Not only is it easy to get your encodings wrong, but it can cause your final compressed dataset to be larger than if you hadn’t bitpacked. This is because most entropy-based compressors (zstd included) are byte-aligned, meaning they look for repetition along byte boundaries. If you have many repeated 7-bit strings the data looks “scrambled” to the eyes of a byte-aligned algorithm, so it won’t be able to do its job properly.
To show this I ran a quick experiment (see code and full results) that generated 10k values between 0 and 127 (values that fit in 7 bits), sorted them and then compared the final compressed size if I were to just use full 8-bit values or if I bitpacked them into 7-bit values.
Despite the bitpacked representation being smaller before compression (8,750 bytes vs 10,000 bytes), zstd compresses the raw bytes down to just 246 bytes, which is nearly 3x better than the 662 bytes it achieves on the bitpacked version.
lossy compression
The techniques described earlier in this blogpost are all “lossless”. In other words, you can reconstruct the exact dataset you compressed initially.

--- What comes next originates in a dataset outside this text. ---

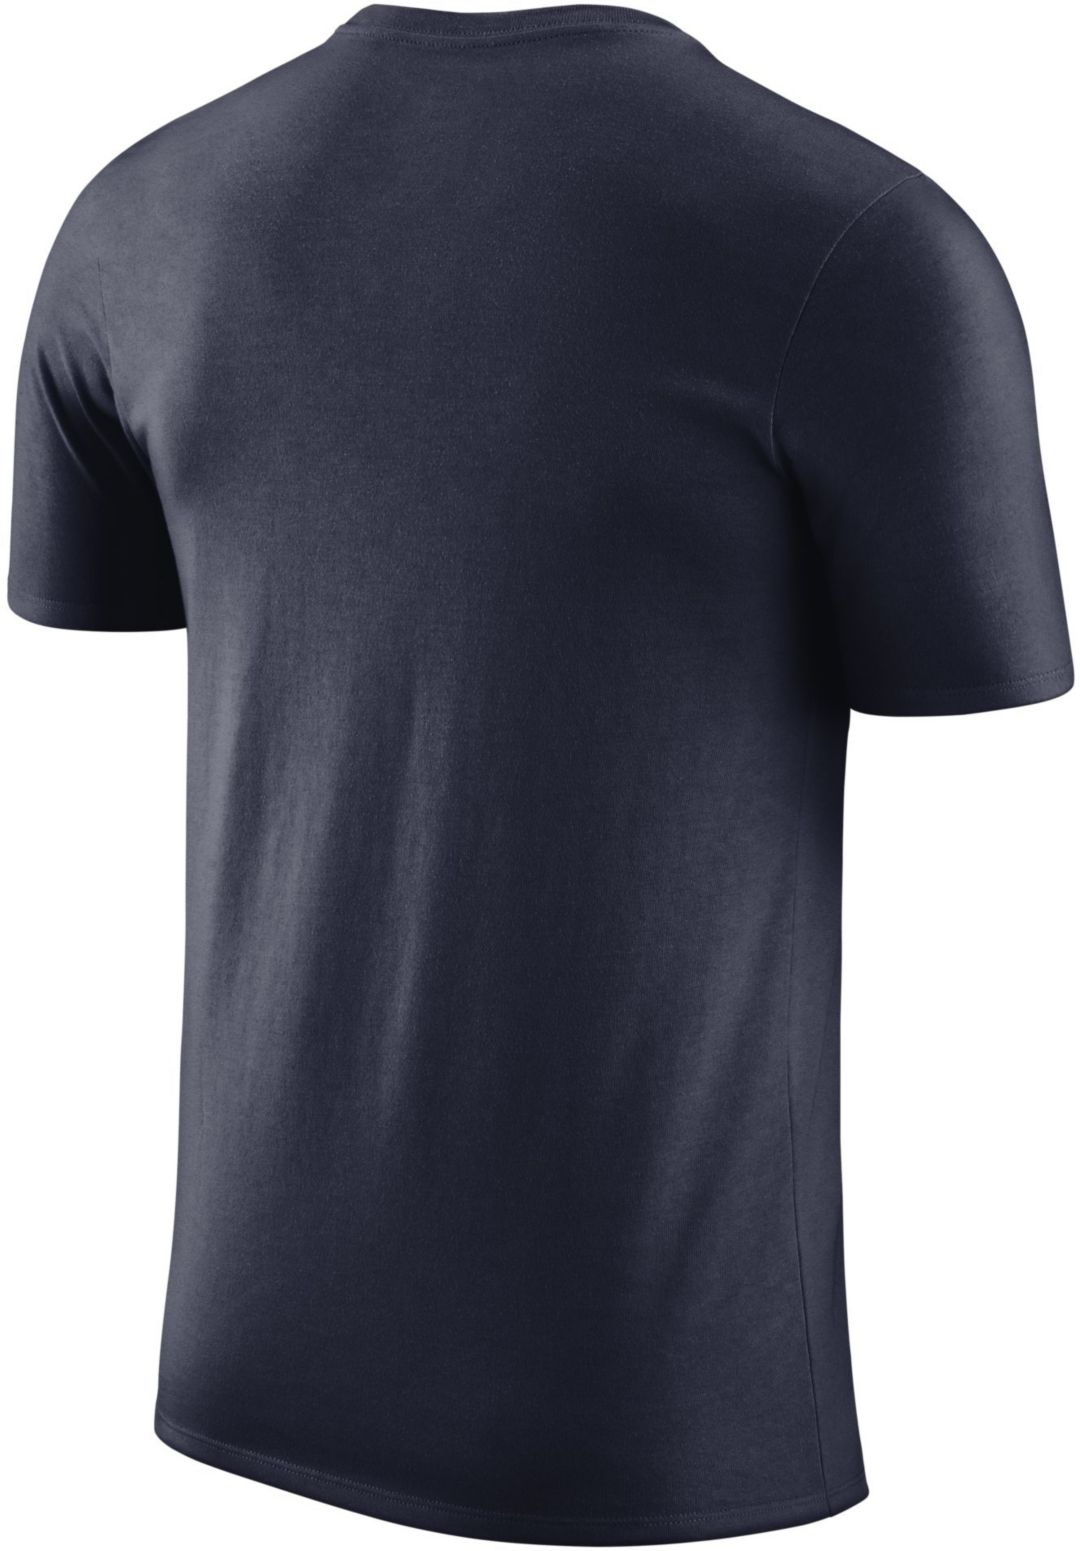 the latest ab62c 99d7b Nike Men's New York Yankees Practice T-Shirt

Sometimes, though, you can accept a lossy compression. Most of these techniques are domain-specific, and you are probably familiar with this concept in image and video processing.
While these techniques are interesting in their own right, I’ll save covering them for a future post (stay tuned for a post on vector databases, which leverage lossy compression quite elegantly).
fsync()
And we’re done for today! If you take away just one thing from this post it should be that compression is (almost) always worth doing, but how much compression depends on certain parameters of your workload.
If you read my post on database foundations, you might see some parallels with the RUM conjecture here.
All measurements in this blog post use CPU time, not wall clock time, when evaluating compression. I had originally attempted using valgrind to count the number of CPU instructions, but (a) this made some heavier compression algorithms take over thirty minutes to run and (b) the conversion from CPU instruction to time depends on the IPS (instructions per second) which depends on the instructions and not the clock speed.
You can use streaming compression algorithms to pipeline/stream compressed data, which makes the story for compression even more compelling since you can concurrently serialize, transfer and deserialize packets.
See techniques like Huffman Encoding and Entropy Coding, or look at implementations of systems like zstd.
Signed numbers are a little trickier to deal with because the standard two’s complement encoding uses the first bit to indicate that a number is negative. This means you need all the bytes to know whether a value is positive or negative. There are alternative encodings, the most popular is zigzag, which help solve this problem.